What I can't think of is, why?
- If you want it dashboard switchable function, use a switch or button to set a variable then test the variable in the no-op function or a switch node.
Then use a link node to collect all the wires. To break the link just double-click it and link to a null link that goes nowhere. Or fan-in to a link node, link to a switch then fan-out through another link.
Hi @SteveMann, thanks for the comments but if you see the gif I posted in this thread yesterday you would see I'm not looking for workarounds and it's not like I haven't thought of every one of the workarounds offered by people, it's just that they don't fit.
Untill someone can tell me how to halt flow of messages at runtime
- without adding some combination of inject & flow or global flags
- without modifying / deploying (either breaking wire or adding a noop)
...then it doesn't fit.
I don't think a debug switch/gate node is a big ask and I believe it will be well used. A simple and effective node that would simplify many debug / bypass / link-out situations without the need to modify a flow or litter it with injects and context flags.

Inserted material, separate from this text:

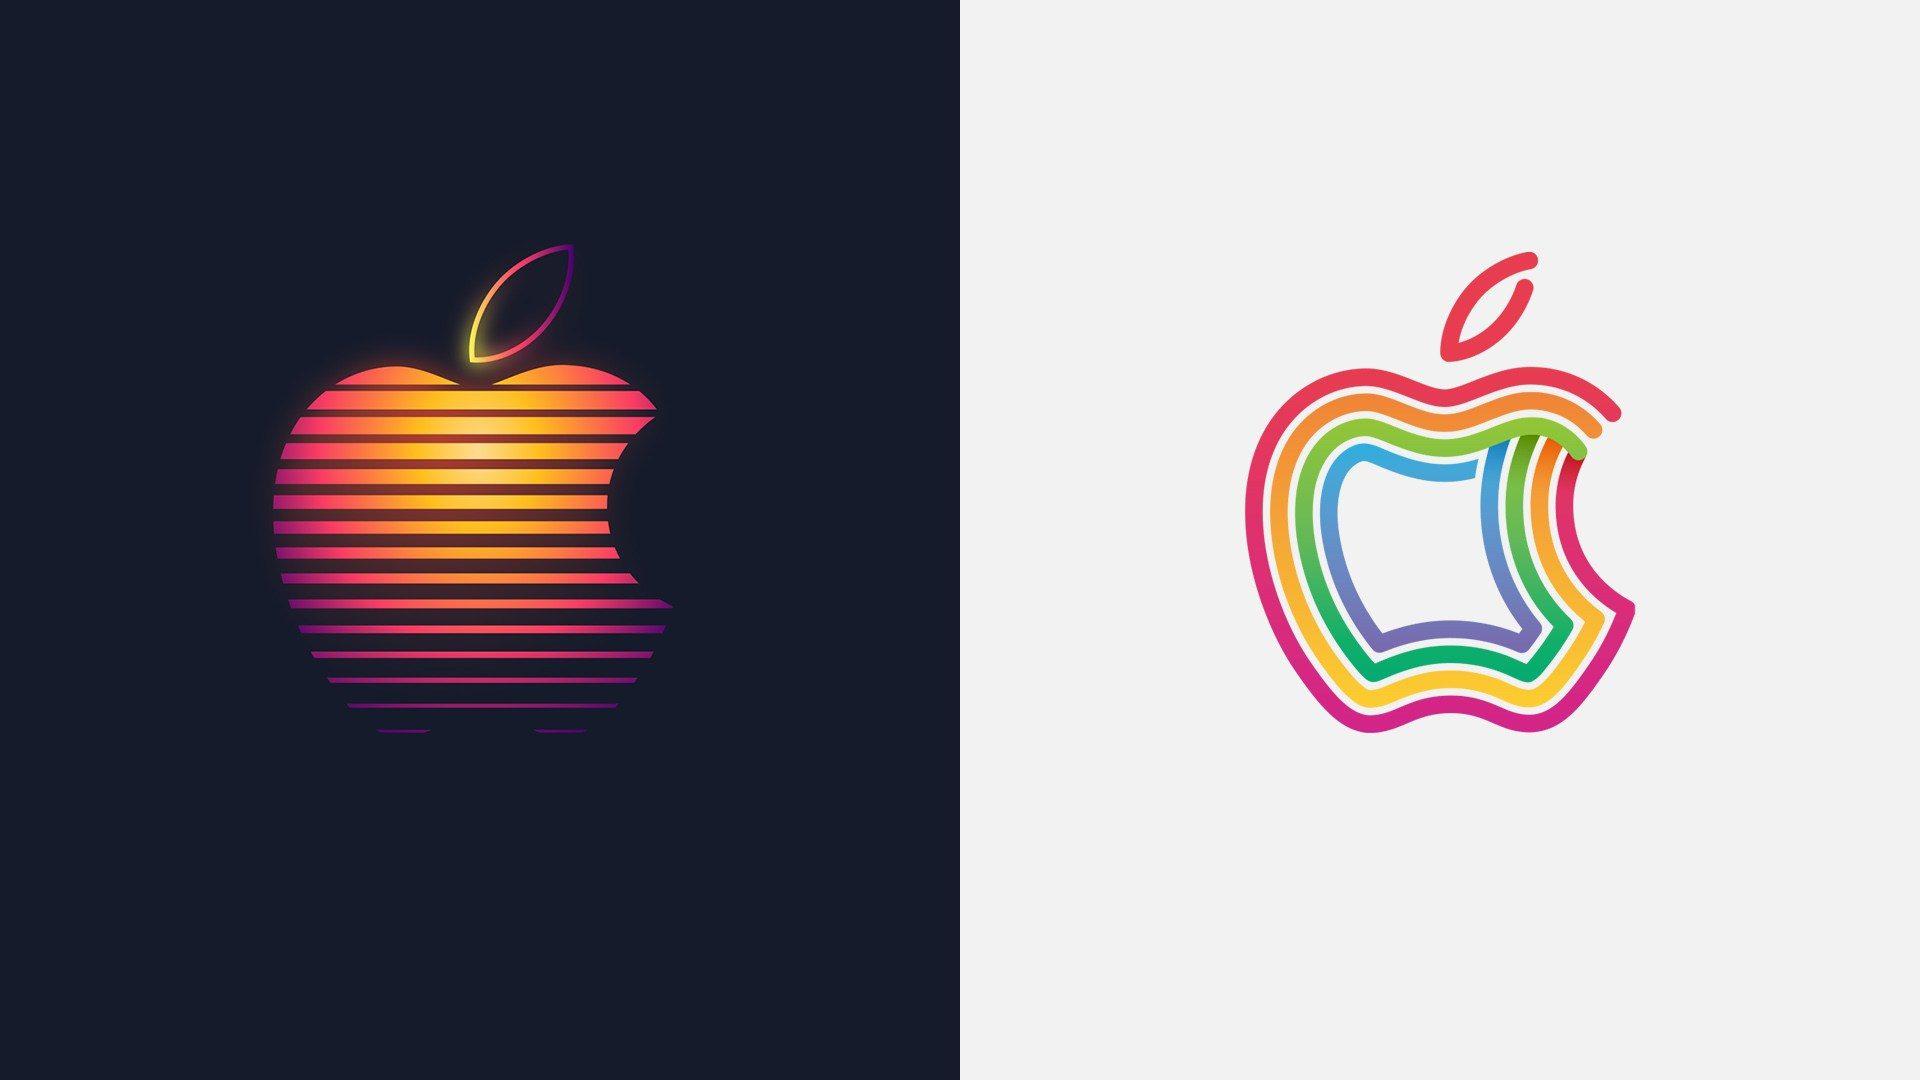 苹果日本官网为两家新 Apple Store 直营店预热
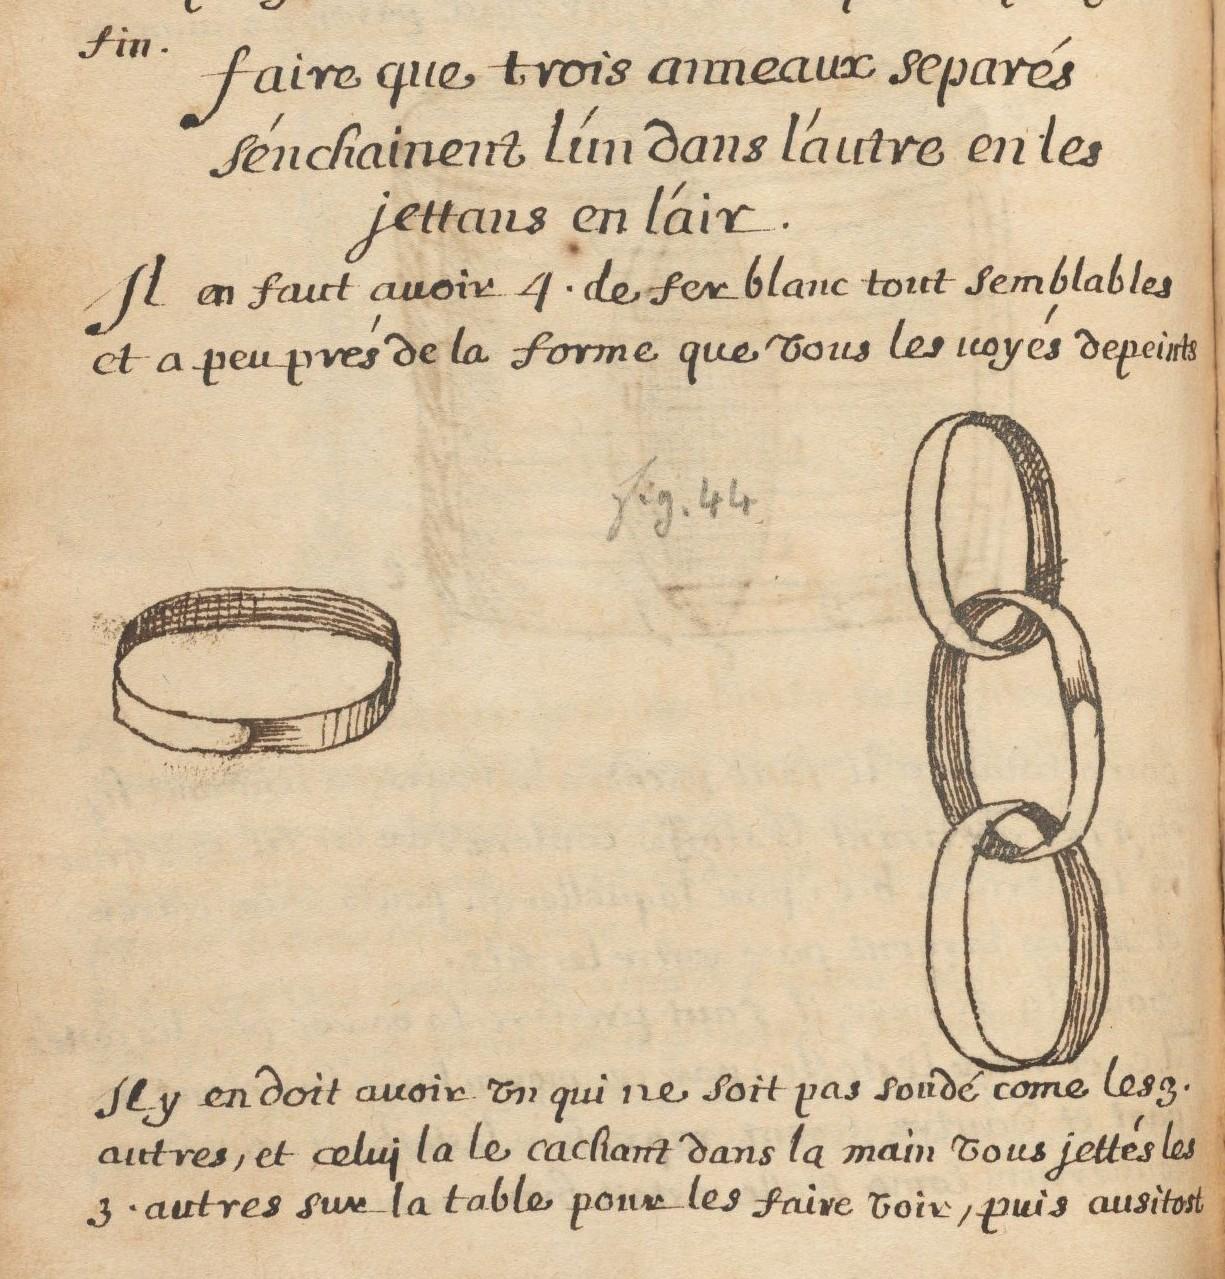 La magie du Pont Neuf : où sont contenus les jeux et subtilités des basteleurs : manuscript, [between 1643 and 1651] MS Typ 530

Actually @SteveMann you have given me a thought.
To avoid adding a new node to the default pallet, the link node could be modified (in a none breaking way / backwards compatible) to have a runtime toggle that enables/disables flow of messages. That would satisfy the requirements
Ummm, why not just insert the following as the first line of the node you want to disable:
return;
or
return null;
st
Like an enable pin on a chip?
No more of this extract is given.